Simone Says

Simone Says is an effort to develop a software environment for teaching basic language skills to young, language-disordered children, especially those with autistic spectrum disorders (ASD). The significant language delays and impairments in this population often co-occur with a marked preference for computer rather than human interaction, strong visual processing skills and rote memory, age-appropriate articulation, and preferential attention for language that is patiently repeated with little or no variation in prosody, word choice, or syntactic structure (for example, television commercials and videos). In other words, the weaknesses and strengths of children with ASD pair particularly well with the strengths and weaknesses of current Artificial Intelligence (AI) technology, especially leading-edge speech recognition, language processing, and computer-aided instruction. By combining such technology in a clinically-informed way, we may be able to create both a uniquely useful tool for remediation and a platform for studying the language acquisition process in impaired populations.

Educational and clinical techniques for stimulating language in children with ASD focus on achieving a complete, speech-to-speech, communicative loop. Research and practice both stress the need for achieving engagement and sustaining the motivation to use language in functionally appropriate ways. Of particular concern is the area of social communication, and much therapeutic effort is spent on pragmatic skills like conversational turn taking and establishing joint attention (for example, understanding the need to specify the large book when two books are present but only one should be taken). In contrast, current software options consist primarily of comprehension drill for vocabulary and syntax, with interaction that is mouse- or keyboard-based rather than verbal. Existing software that provides speech-based turn taking (for example, IBM's SpeechWriter products) targets only the acoustic level, with a focus on reinforcing prosodic features such as pitch and duration.

Unlike other software intervention, Simone Says is intended to be a speech-based, interactive environment for young, non-mute children with ASD. The system combines sound clinical practice with the engaging features found in off-the-shelf early learning software, including child-centered control, animation and sound, and readily-available help in the form of animated character guides. It is designed to create opportunities for meaningful, verbal language practice across a wide range of linguistic tasks in a simple social world. Tasks cover vocabulary, basic syntax, semantics and pragmatics, joint attention, conversational turn taking, and simple conversational repair. The system's interactive loop consists of (1) the presentation of a visual image, (2) the production of a referentially meaningful speech act by the child (or modeled by subdialog with Simone the cat or another character), and (3) a natural-consequence animation sequence as reward. The visual stimuli consist of common, everyday objects, actions and situations, both to teach functionally useful vocabulary and to maximize the likelihood of practice and transfer in the home and school settings. Multiple examples of each stimulus are generated automatically within relevant dimensions of variability (for example, color and size) in order to increase the likelihood of generalization.

To create interactions like these requires a number of advanced technologies. A primary requirement is a speaker-independent, continuous speech recognition system (such as SPHINX-II, developed at Carnegie Mellon University) with an acoustic model that can be adapted to young children's voices.
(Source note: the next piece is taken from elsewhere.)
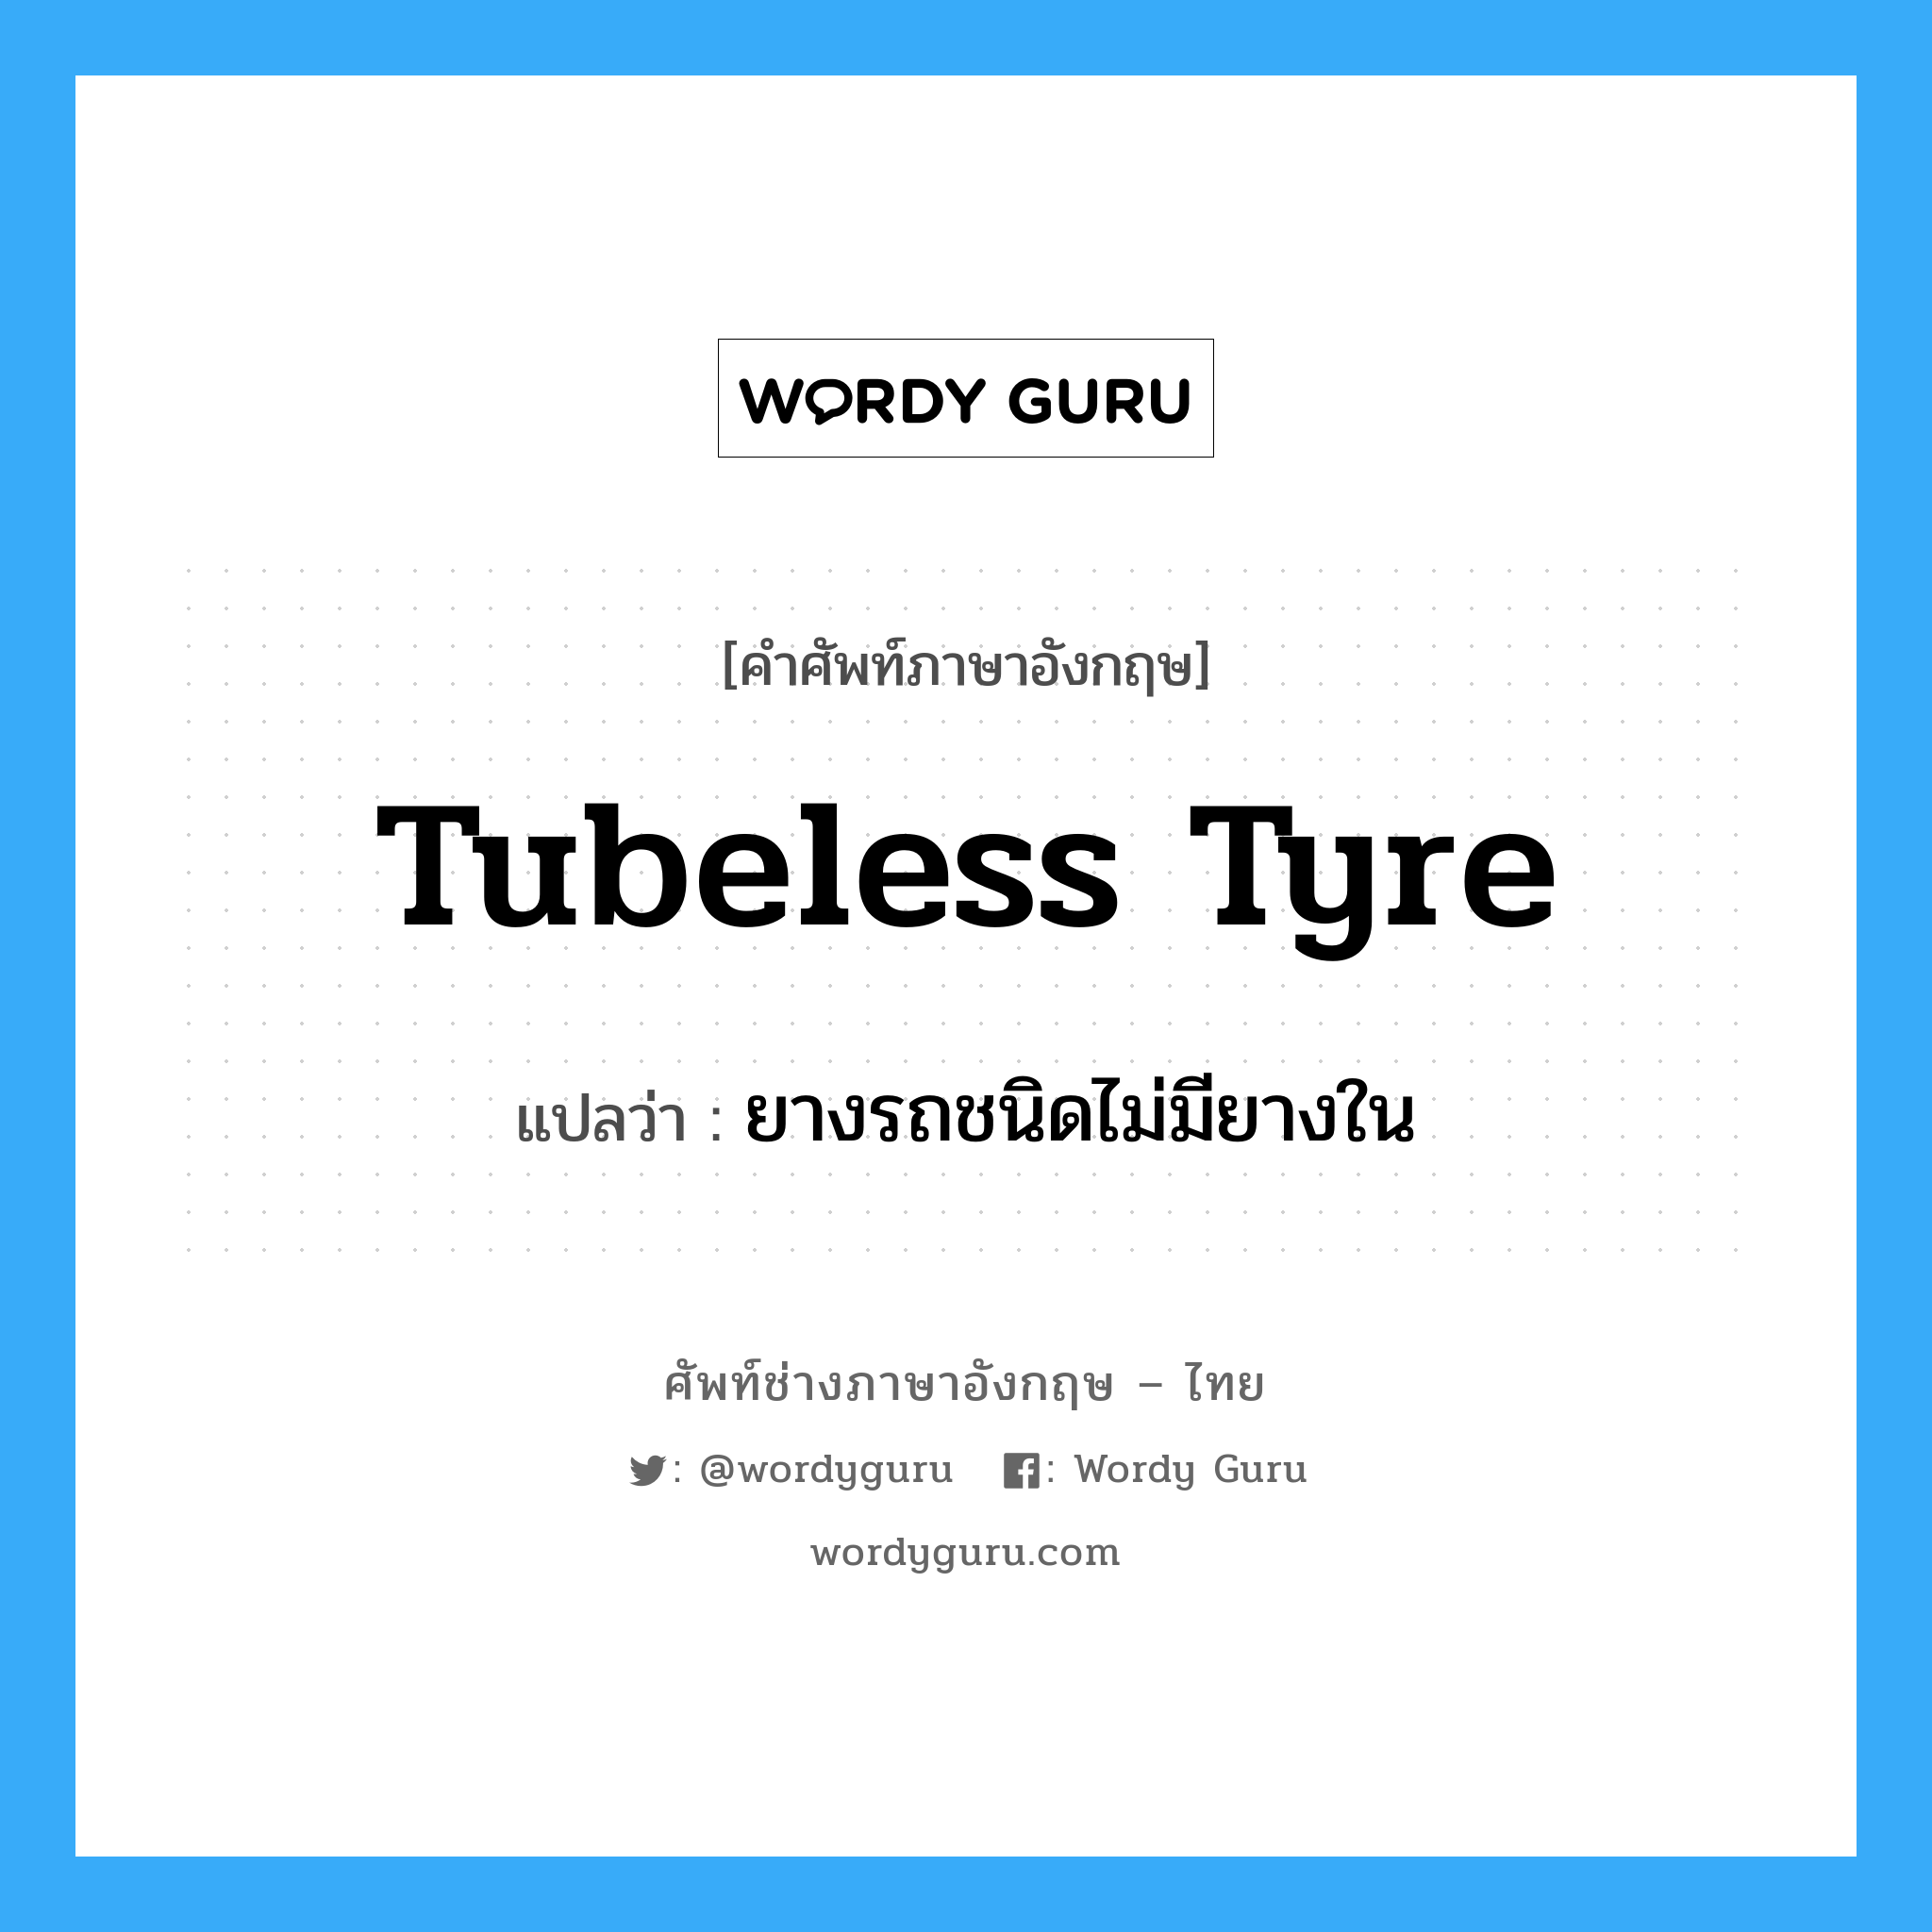 tubeless tyre แปลว่า?, คำศัพท์ช่างภาษาอังกฤษ - ไทย tubeless tyre คำศัพท์ภาษาอังกฤษ tubeless tyre แปลว่า ยางรถชนิดไม่มียางใน

Simone Says also requires a method for dynamically tracking the child's language development (CHAMP, also developed at CMU) in order to construct the next target example and provide a constrained language model to the speech recognizer. Finally, the system must have a method for translating the linguistic description of the next example into a visual image and animation that can dynamically accommodate variation along dimensions such as color, size, number of objects, participation of animated characters, and substitution of objects from the same semantic class. The off-the-shelf animation authoring environment Director seems to be adequate to this task. Each of the components is understood well enough to make the implementation of Simone Says possible.
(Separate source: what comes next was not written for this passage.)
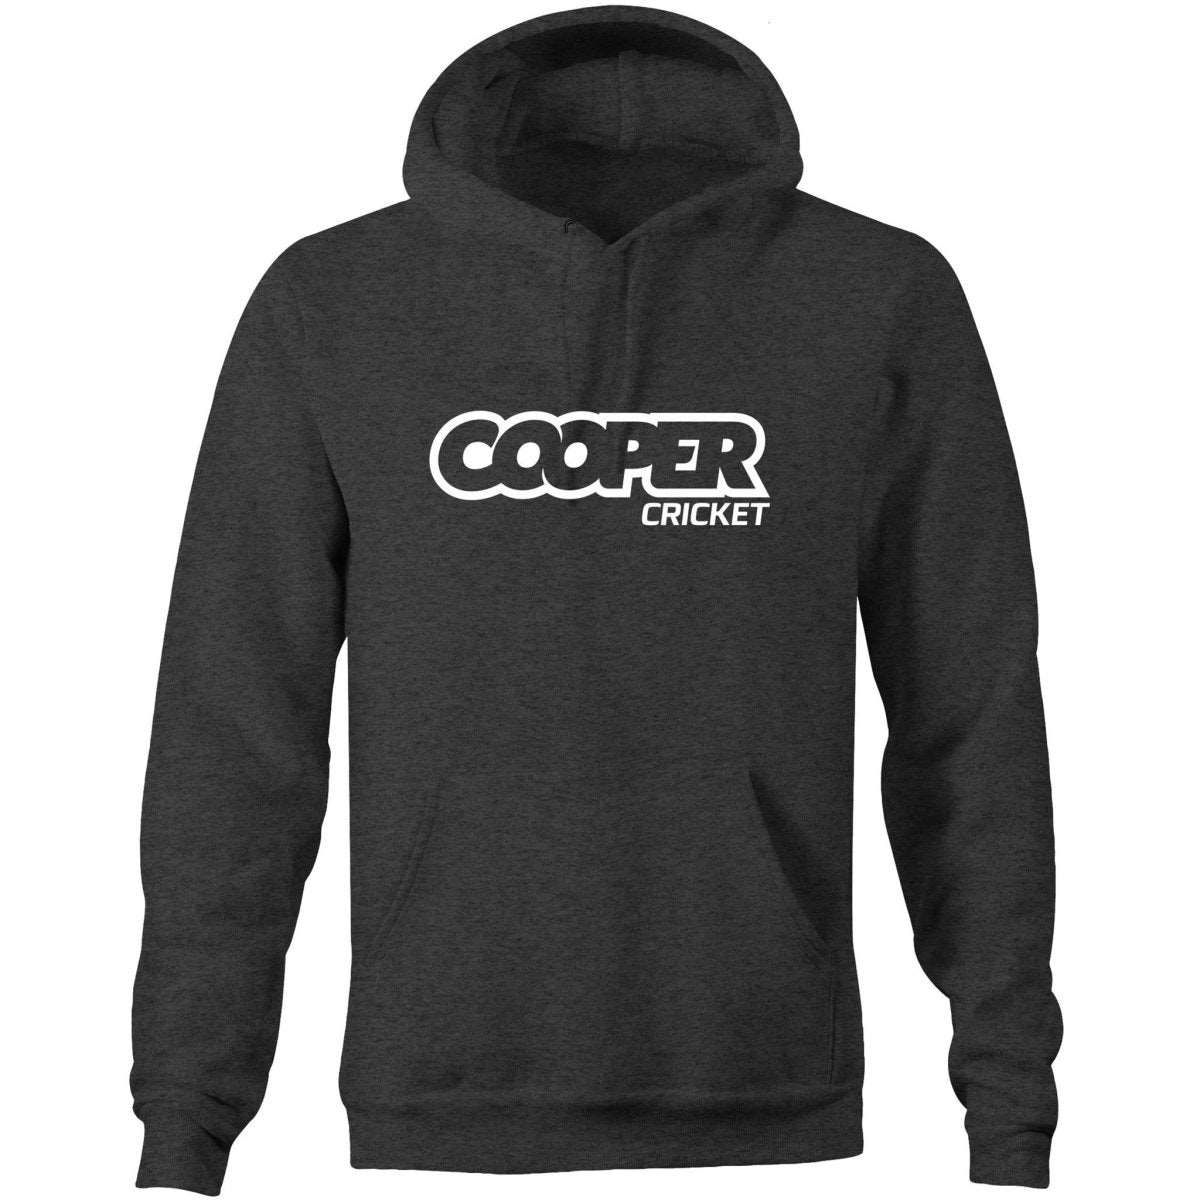 COOPER CRICKET HOODIE - Cooper Cricket

Part of the motivation for building Simone Says is that it provides a platform for collecting data and testing hypotheses that, in turn, can inform our models of human language processing. Such an environment can answer questions about the efficacy of the technology (for example, is there demonstrable growth in language during human-computer interaction, as measured by response latency, errors, generalization, etc.?). Beyond such straightforward questions, however, a computational system also makes it practical to systematically examine relationships between language learning and other factors such as rate of repetition, the variability (or constancy) of prosodic, lexical, and syntactic information in the environment, importance of non-verbal cues like gaze-following and pointing, and the likelihood of skill transfer to human-human interaction given different environmental simplifications. Understanding these relationships empirically in well-controlled, reproducible experimental settings (like an instrumented computer environment)is important to researchers in cognitive science, language development, and autism.

The more compelling reason for this work, however, is what it can mean to children with autism and, eventually, the 3-5% of all children who enter school with a language disorder. The lesson from the new therapeutic focus on early intervention is quite clear: acquiring age-appropriate language has a profound effect on behavior, socialization, and the long-term prognosis for an independent adulthood. By providing meaning-based interactive experiences that range linguistically from vocabulary-building to simple social discourse, Simone Says may be the first chance for children who need it to learn the efficacy of language from a constantly available, infinitely patient teacher.